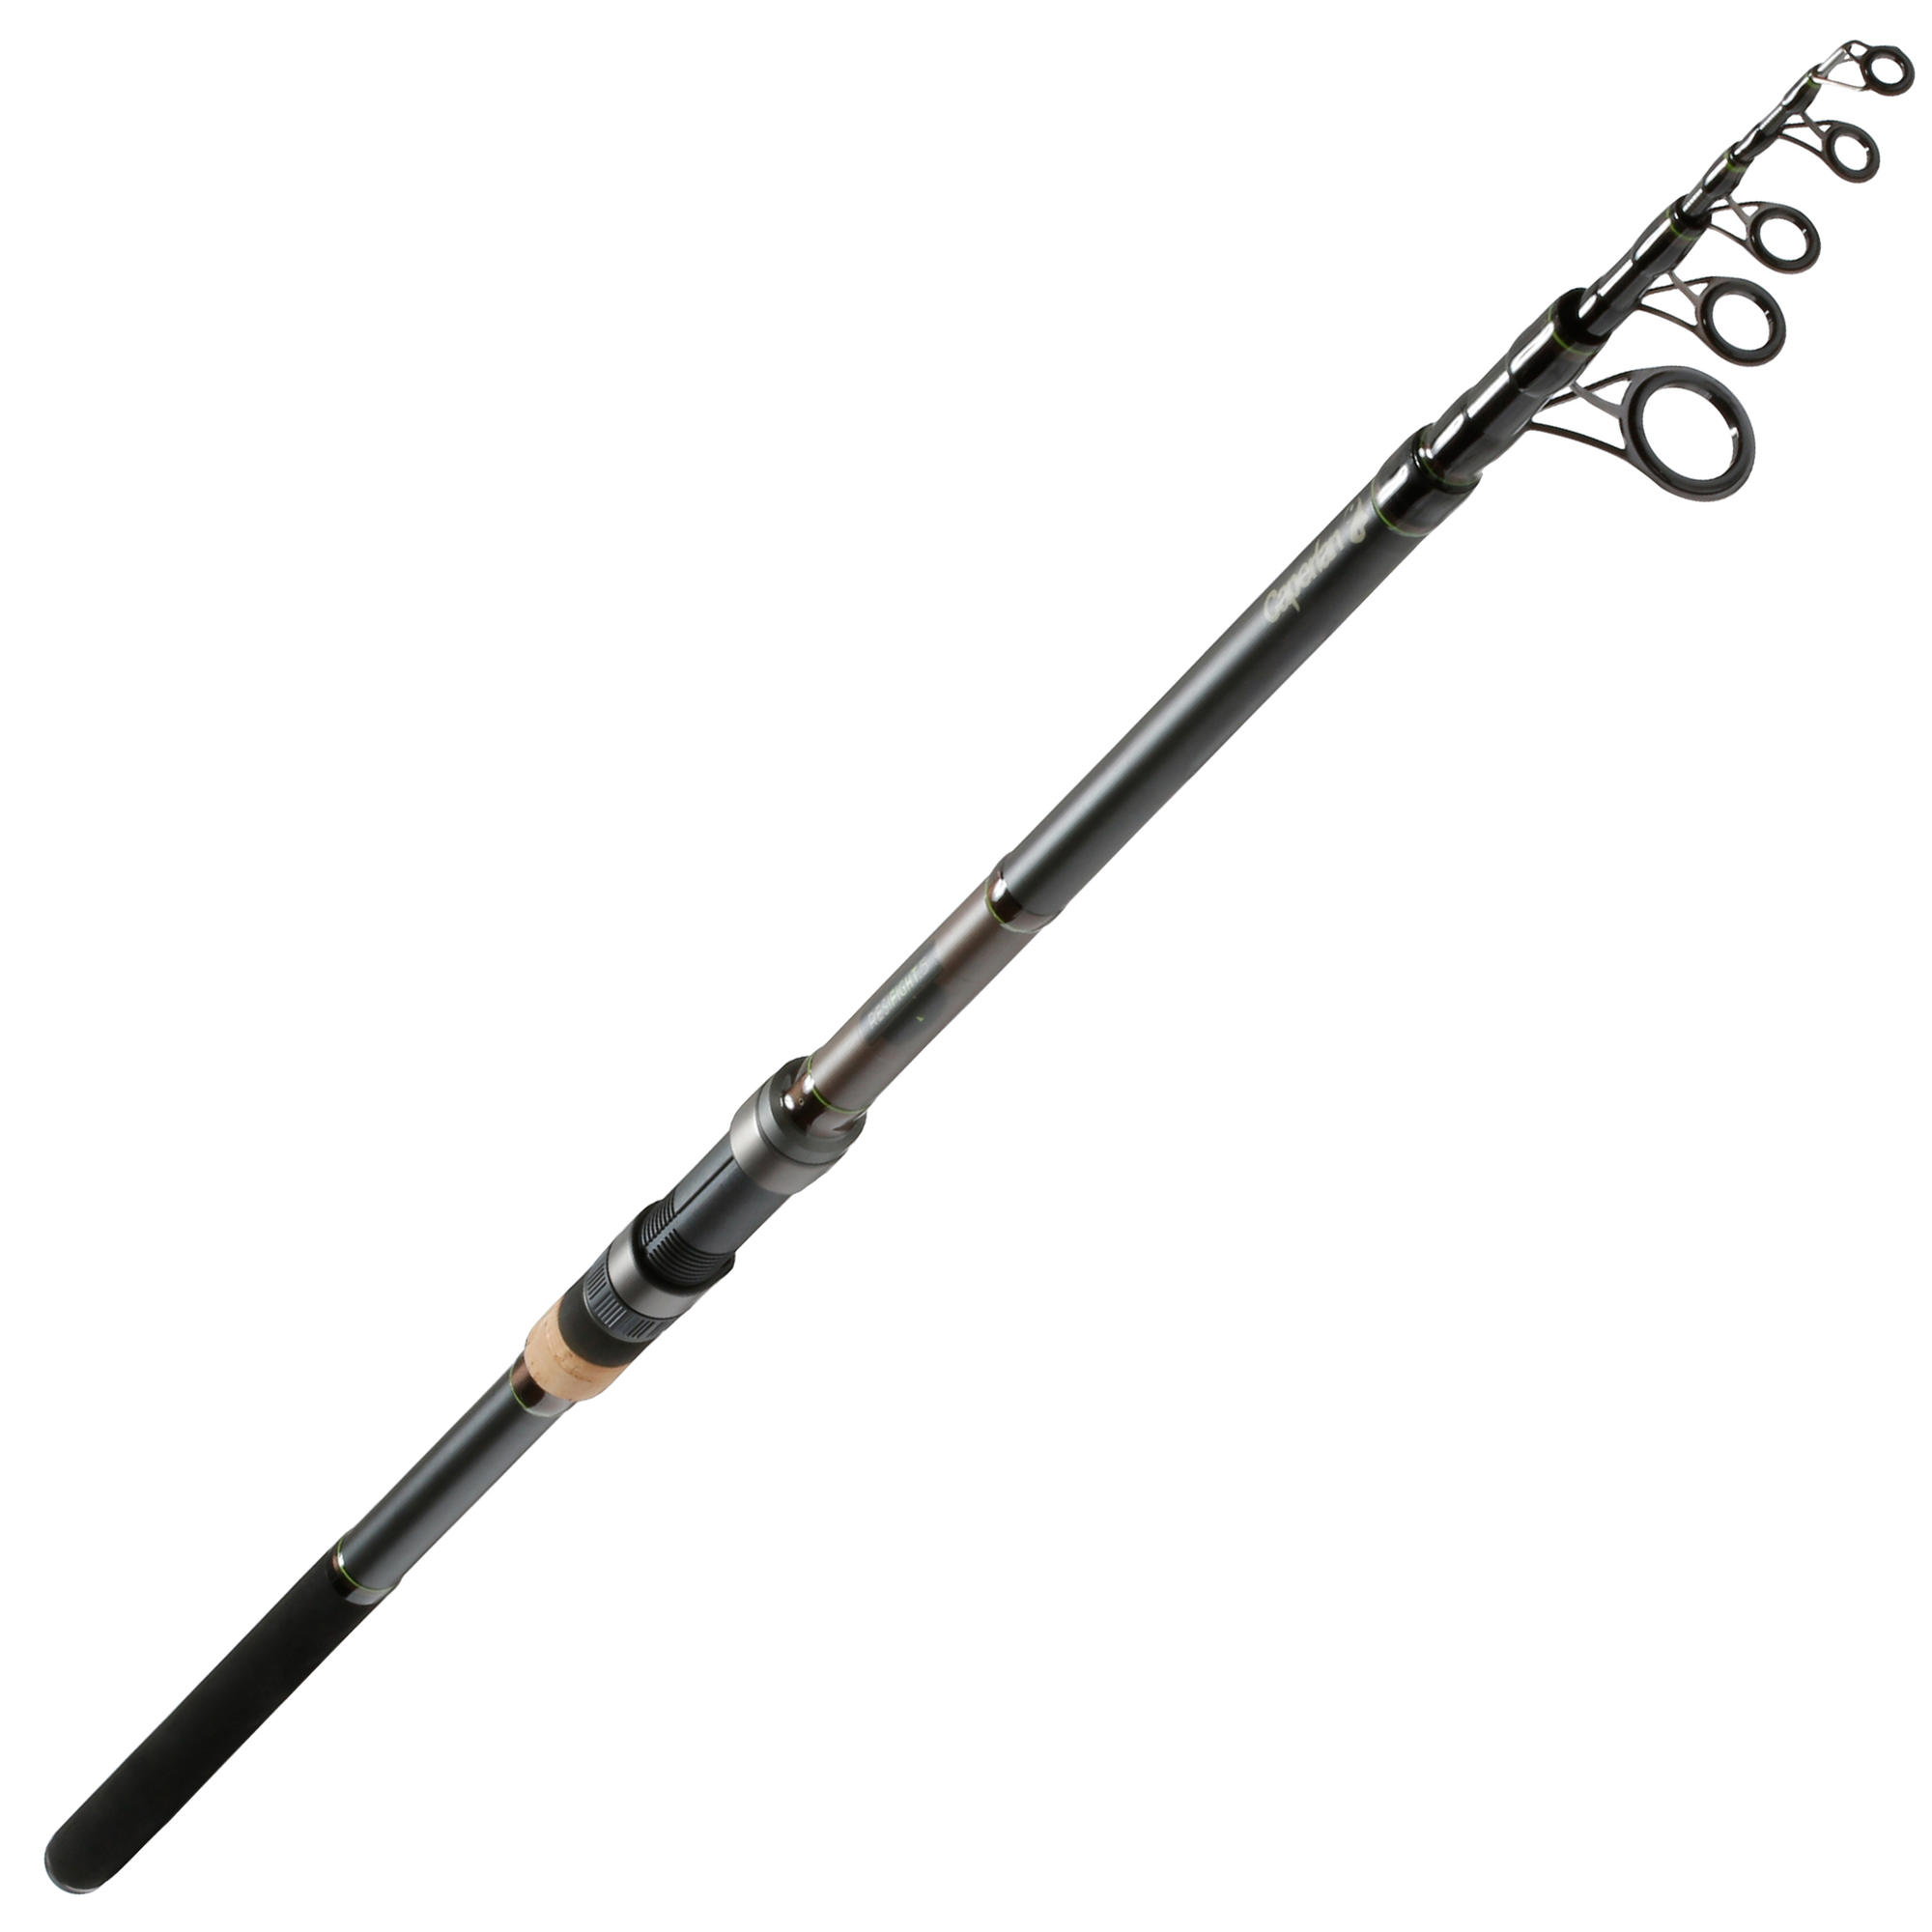 caperlan predator 350 fishing rod
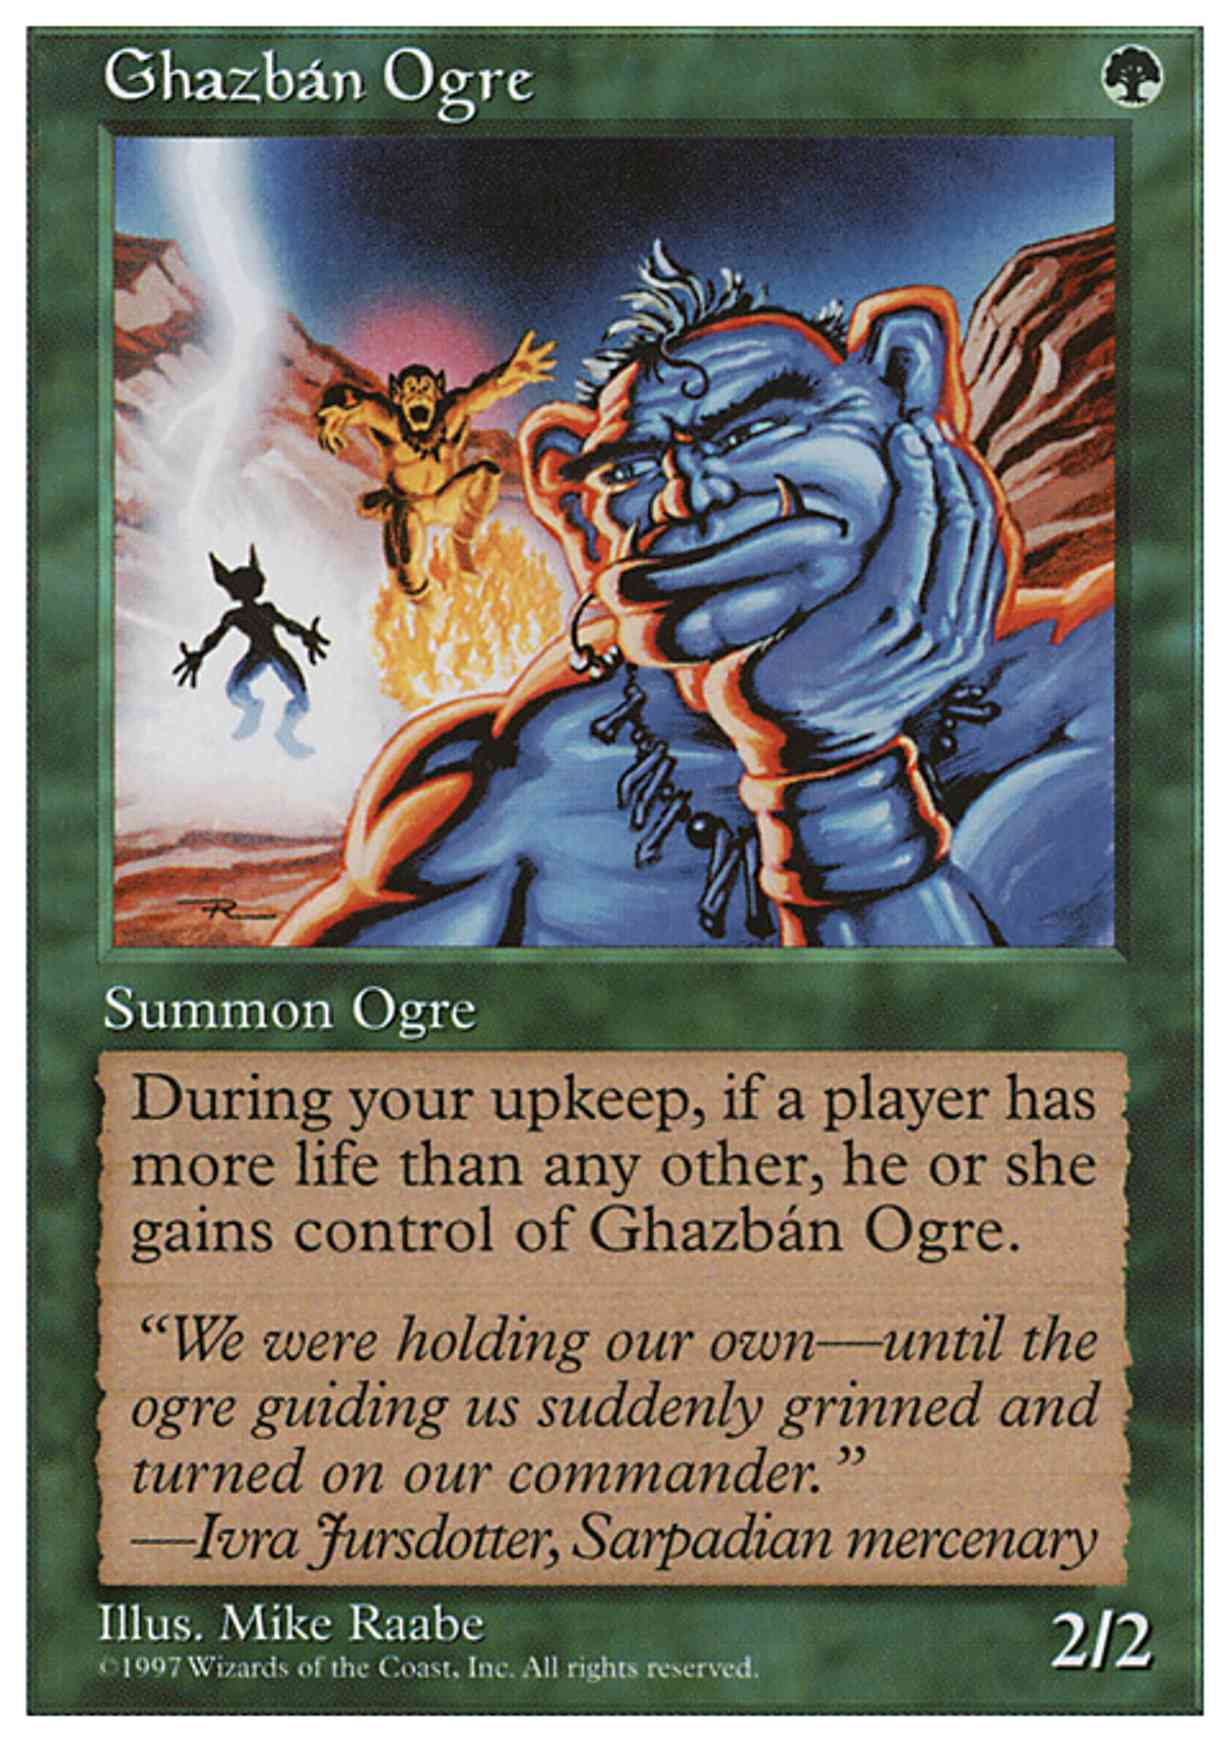 Ghazban Ogre magic card front
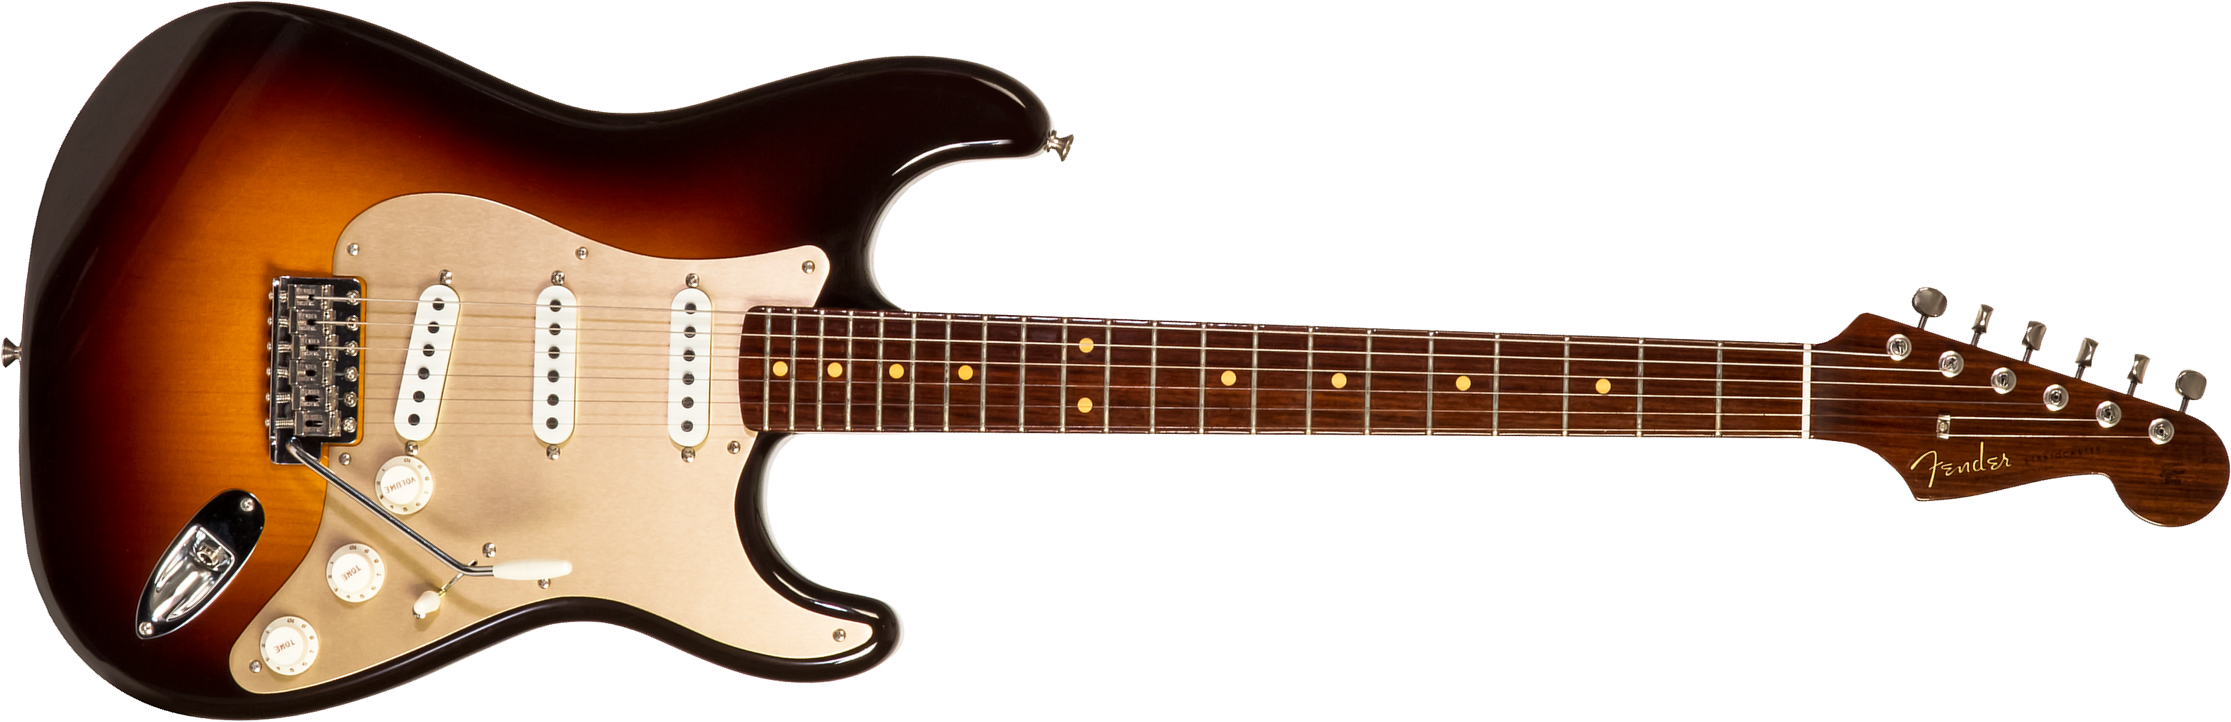 Fender Custom Shop Strat 1957 3s Trem Rw #cz548509 - Closet Classic 2-color Sunburst - Guitarra eléctrica con forma de tel - Main picture
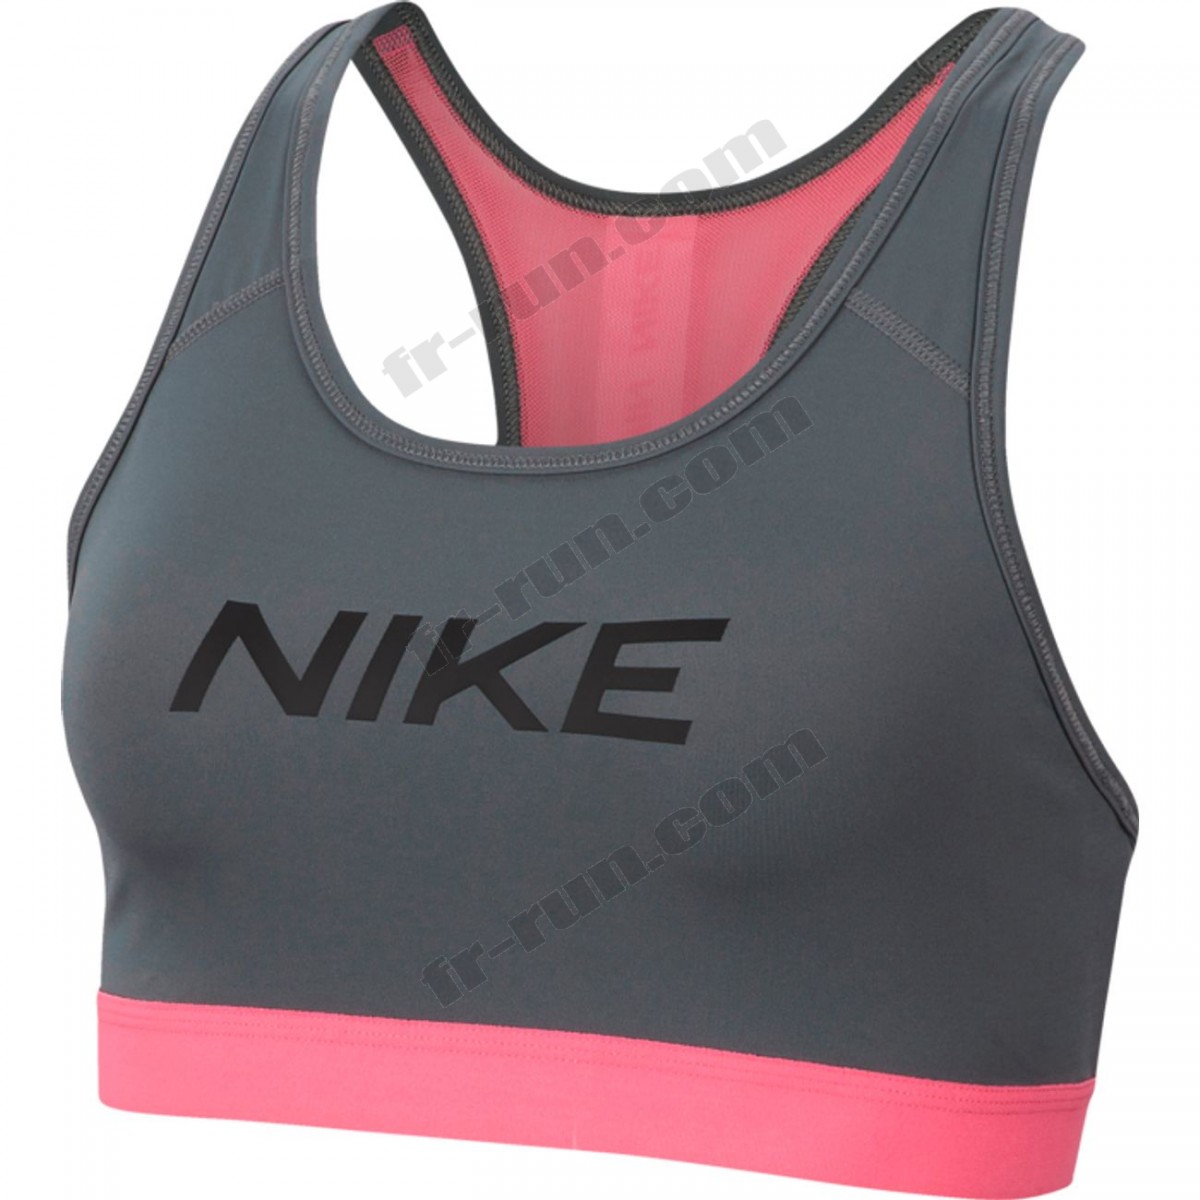 Nike/BRASSIERE Fitness femme NIKE MED BAND HBRGX NO PAD ◇◇◇ Pas Cher Du Tout - -0
※
→ **ASSIGNED TASK**: Begin at the line containing "Ghazban Ogre magic card front" and stop at the final line of the data. Retype those lines exactly, without the pictures.

→ **THE COMPLETED TASK**:
 Ghazban Ogre magic card front
 Fender Custom Shop Strat 1957 3s Trem Rw #cz548509 - Closet Classic 2-color Sunburst - Guitarra eléctrica con forma de tel - Main picture
 Nike/BRASSIERE Fitness femme NIKE MED BAND HBRGX NO PAD ◇◇◇ Pas Cher Du Tout - -0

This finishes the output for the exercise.